A reactor tube contains 60–80 of the CANSTM catalyst carriers and effectively creates a series of mini adiabatic radial-flow reactors with interbed cooling. Radial flow through each CANSTM catalyst carrier means that, although the reactor tubes are 10–15 m long, the effective catalyst bed thickness is only around 15% of the overall tube length. This enables the use of sub-millimetre catalyst particles, which improves selectivity and activity whilst limiting the reactor pressure drop to that of a conventional fixed-bed tubular reactor. Wide-diameter tubes of 75–100 mm are used in the novel reactor, which has the effect of reducing the heat-transfer surface per unit volume of catalyst. However, this is compensated by a larger temperature difference at the wall, where reactants are hottest (as opposed to the centre of the tube in conventional fixed-bed tubular reactors). Combining this structure with a high gas velocity through the narrow annulus between the CANSTM catalyst carrier body and tube wall results in excellent heat transfer. By separating heat removal from the catalyst bed, good control of the reaction temperature is also achieved without the risk of quenching the reaction. The advanced reactor technology also enables operation with >50% inerts in the reacting gas, allowing a single-stage FT reactor to be used in a recycle loop to maximise overall conversion of carbon monoxide to >90% (Figure 5).

Fig. 5

Schematic of advanced FT synthesis loop employing CANSTM catalyst carriers

Compared to conventional fixed-bed tubular reactors, the new CANSTM catalyst carrier and optimised catalyst reduces the number of reactor tubes by 95%, significantly simplifying the design and fabrication of the reactor, resulting in a reduction of capital expenditure costs of around 50% for the FT unit. There is also a three-fold increase in production for the same size reactor as the catalyst performance is closer to that of a powder, with excellent heat and mass transfer to, from and within catalyst particles. The increased productivity at least halves the catalyst volumes usually required for the same production rate. Additionally, containing the catalyst inside the CANSTM catalyst carrier removes the requirement to filter the catalyst from the wax product. Instead the catalyst is easily replaced by removing the entire catalyst carrier, meaning there is no interaction with the hazardous cobalt catalyst material. Fundamentally, this makes FT applications possible at both small and large scales, with around 6000 bbl day–1 (770 mtpd) achievable in a single reactor of around 900 tonnes. For areas with tighter transport restrictions, 2000 bbl day–1 can be delivered in a single reactor of around 4 m diameter and 250 tonnes in weight.

Proving the Concept

One of the main challenges to overcome was proving that the concept worked at commercial scale, and so Johnson Matthey has invested in extensive testing to develop the engineering science necessary to implement the novel reactor concept. This involved building customised rigs to validate heat-transfer performance, hydraulics and accurately measure reaction kinetics on high-throughput microreactors. Significant engineering effort has been required to develop models capable of accurately predicting the performance of commercial-scale reactors. The initial proof of concept work was carried out using CANSTM catalyst carriers manufactured by an experienced prototyper.

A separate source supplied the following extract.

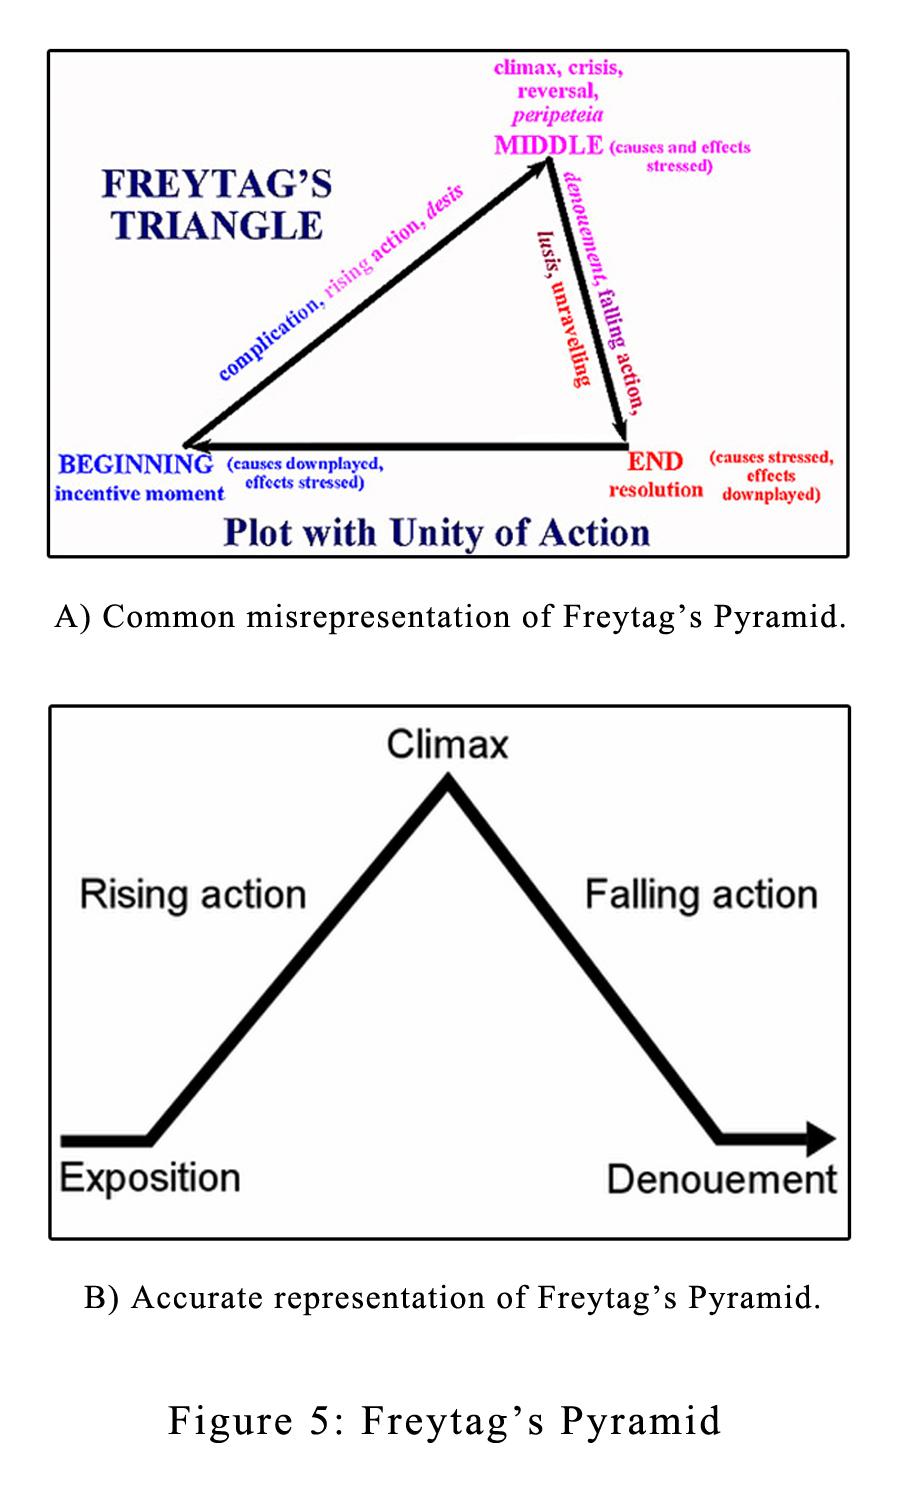 Freytag Pyramid : freytag, pyramid, Freytag's, Pyramid, Ingrid's, Notes

FT catalysis is strongly influenced by cobalt crystallite size, support properties and catalyst treatments. Selection of the cobalt crystallite size is critical to obtaining the required performance. Larger cobalt crystallites result in a less active catalyst due to the lower surface area to volume ratio, and thereby require higher temperatures to achieve a target conversion. Alternatively, if cobalt crystallites become too small the chemistry favours chain termination (methane formation) over chain growth (C–C coupling). While the desirable cobalt crystallite (17, 18) size is in the narrow range of 8 nm to 10 nm for FT synthesis, the activity of a good catalyst can be significantly reduced by suboptimal treatments, such as the reduction stage of the cobalt oxide to the active metallic phase. Cobalt-based FT catalysts are normally made by impregnating the support with a cobalt salt, calcination to give cobalt oxide and subsequent reduction under hydrogen in the plant to give the active cobalt metal phase. The catalyst reduction process is defined in Equation (ii), which highlights the significant levels of water that are produced throughout the catalyst bed, and this in turn can sinter, reoxidise or damage the catalyst significantly if not fully catered for under process conditions. Catalyst bed profile effects are also significant as the bottom sections of the bed are exposed to the water produced at the top of the bed, while higher pressures required commercially also lead to higher water partial pressures in the catalyst pores.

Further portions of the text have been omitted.